In the interest of saving time during this short workshop we will only indicate how fastqc is run, and will then focus on interpretation of typical output. More detailed information about actually running fastqc are available elsewhere on the RADCamp site.

For future reference, you can install fastqc from the bioconda channel:

$ conda install -c bioconda fastqc -y

NB: The -y here just tells conda “When you ask if I’m sure I want to install, the answer is YES!”, prevents it from prompting you.

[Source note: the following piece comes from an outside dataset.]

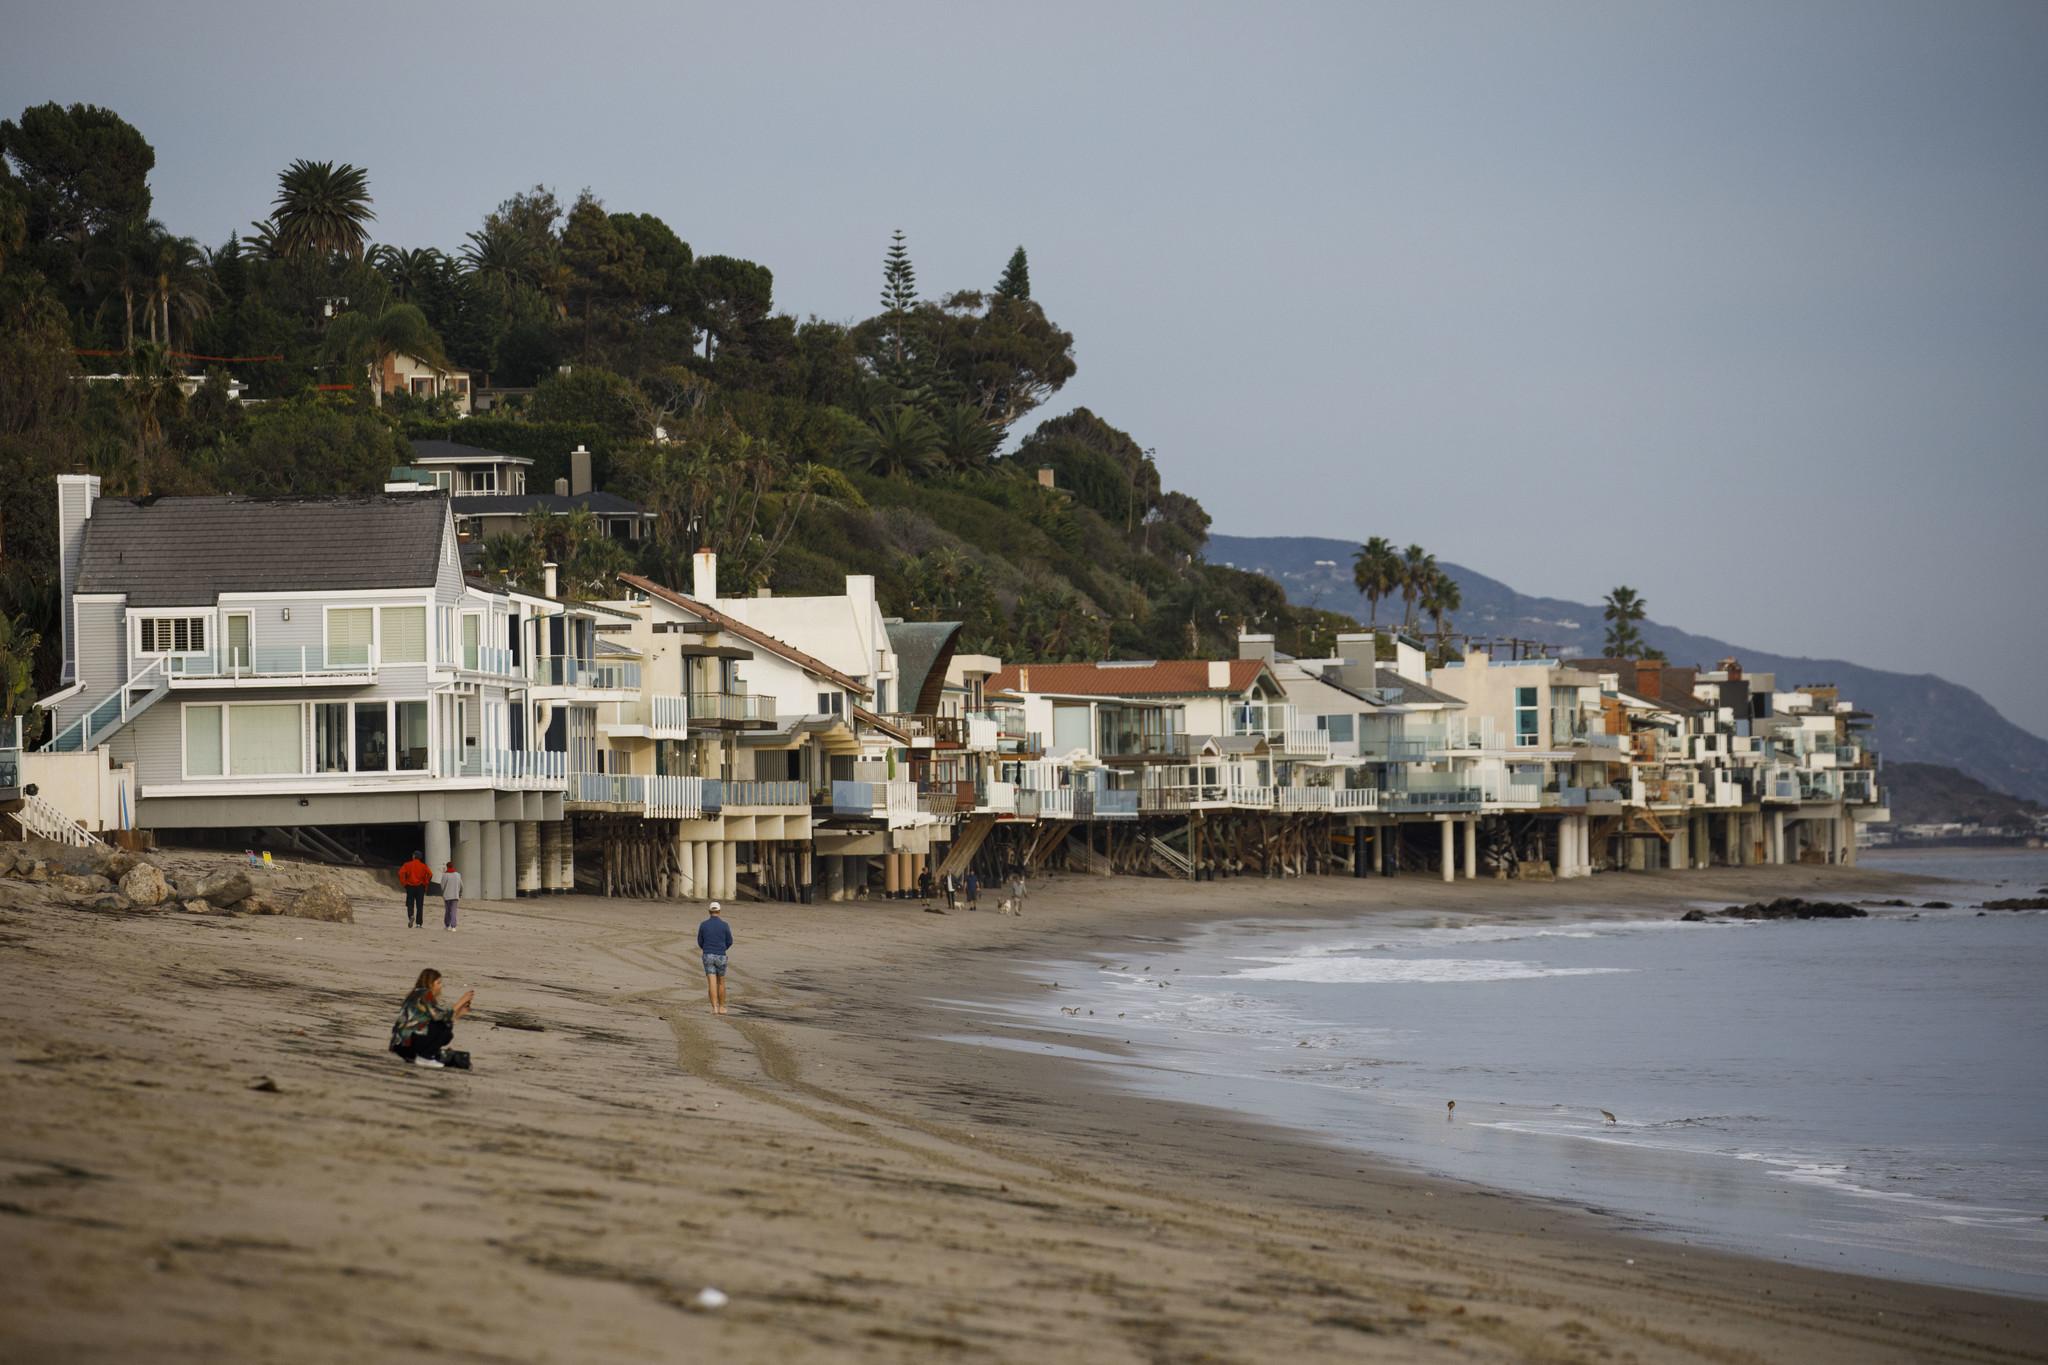 Escondido Beach in Malibu

To run fastqc on one of the simulated samples you may execute this command:

$ mkdir fastqc-results

# The -o flag tells fastqc where to write output files.
$ fastqc -o fastqc-results ipsimdata/rad_example_R1_.fastq.gz

Note: Running fastqc on real data can be somewhat slow, plus most of the samples from one library should look mostly the same. It is always good practice to actually look at your data before proceeding with the assembly, but you don’t have to look at all of it. Typically 3-5 randomly selected samples should give a good overall view of quality.

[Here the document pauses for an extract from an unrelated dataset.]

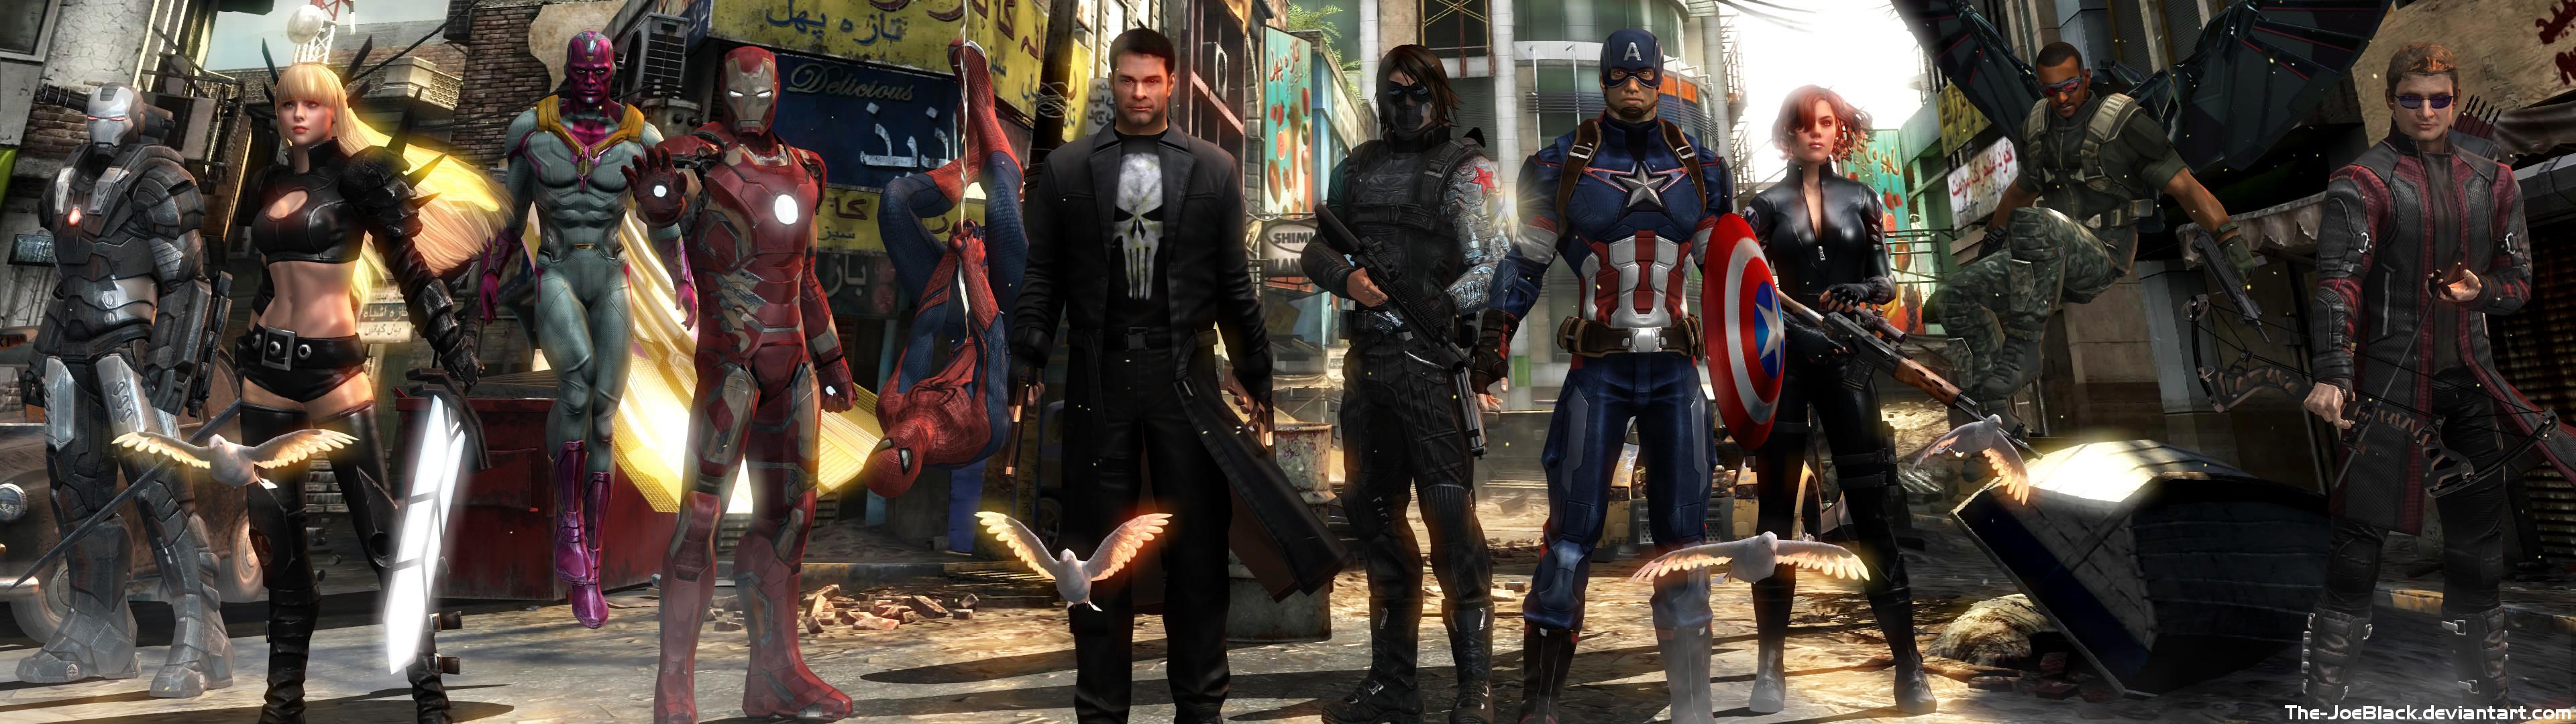 Avengers – Dual Screen Wallpaper by The-JoeBlack.deviantart.com on  @DeviantArt

Inspecting and Interpreting FastQC Output

Simulated data is too clean to be interesting, so lets spend a moment looking at the results from some real data from Prates et al (2016) (Anolis punctatus, GBS data).

png

Lets start with Per base sequence quality, because it’s very easy to interpret, and often times with RAD-Seq data results here will be of special importance.

png

For the Anolis data the sequence quality per base is uniformly quite high, with dips only in the first and last 5 bases (again this is typical for Illumina reads). Based on information from this plot we can see that the Anolis data doesn’t need a whole lot of trimming, which is good.

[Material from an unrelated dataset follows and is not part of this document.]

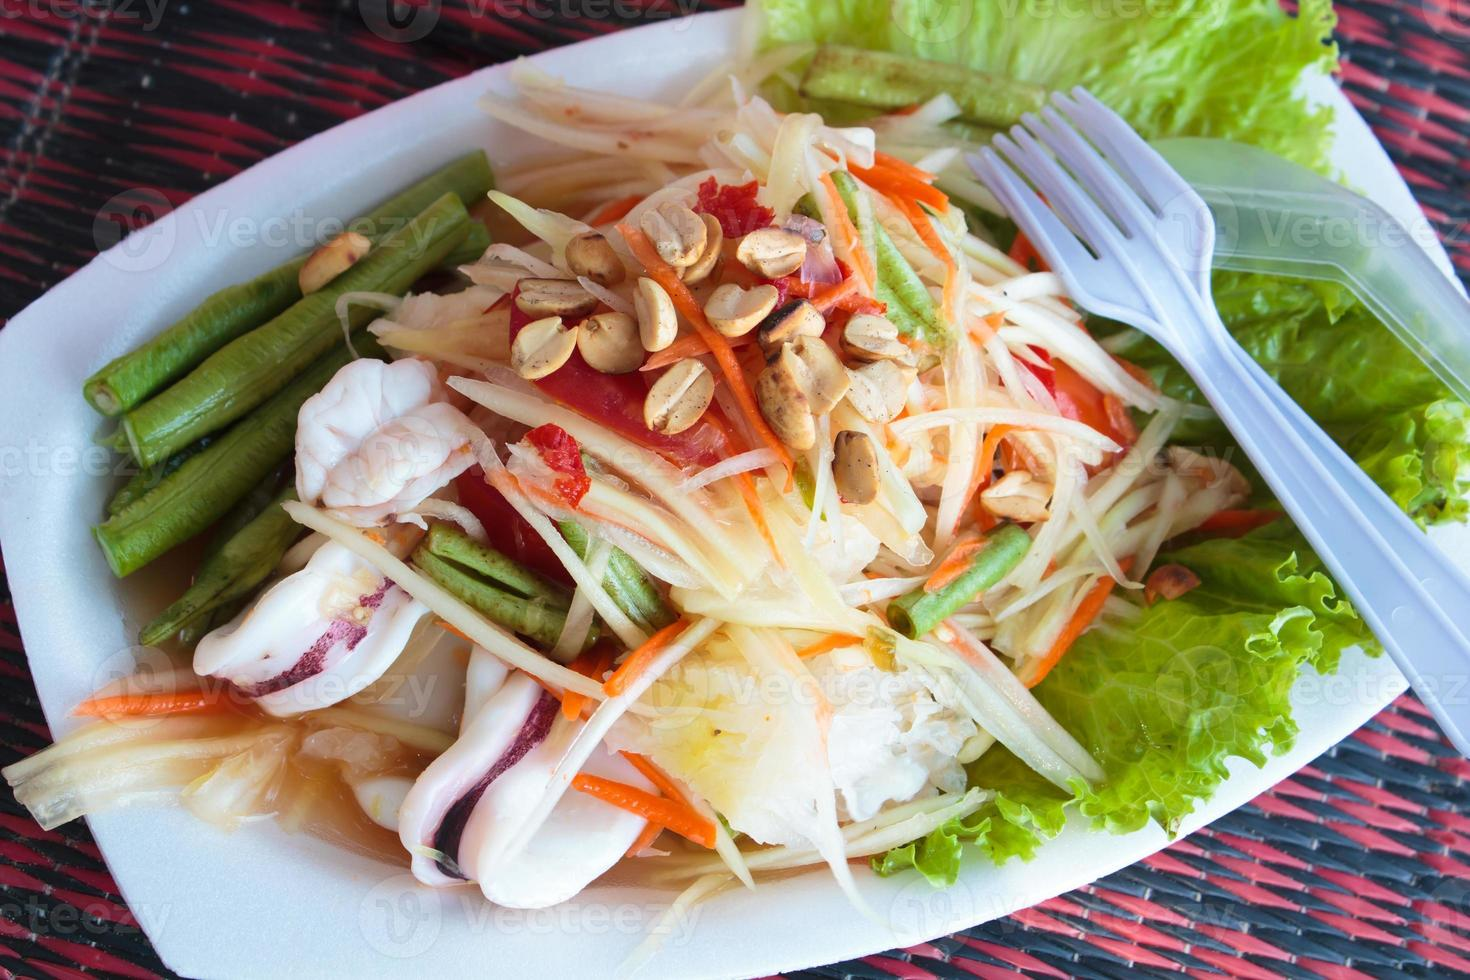 salada de papaia frutos do mar, comida tailandesa. foto

Now lets look at the Per base sequece content, which FastQC highlights with a scary red X. png

The squiggles indicate base composition per base position averaged across the reads. It looks like the signal FastQC is concerned about here is related to the extreme base composition bias of the first 5 positions. We happen to know this is a result of the restriction enzyme overhang present in all reads (TGCAT in this case for the EcoT22I enzyme used), and so it is in fact of no concern. Now lets look at Adapter Content:

png

Here we can see adapter contamination increases toward the tail of the reads, approaching 40% of total read content at the very end. The concern here is that if adapters represent some significant fraction of the read pool, then they will be treated as “real” data, and potentially bias downstream analysis. In the Anolis data this looks like it might be a real concern so if we were assembling this dataset we’d want to keep this in mind during step 2 of the ipyrad analysis, and incorporate 3’ read trimming and aggressive adapter filtering.

Other than this, the data look good and we can proceed with the ipyrad analysis.

References

Prates, I., Xue, A. T., Brown, J. L., Alvarado-Serrano, D. F., Rodrigues, M. T., Hickerson, M. J., & Carnaval, A. C. (2016). Inferring responses to climate dynamics from historical demography in neotropical forest lizards. Proceedings of the National Academy of Sciences, 113(29), 7978-7985.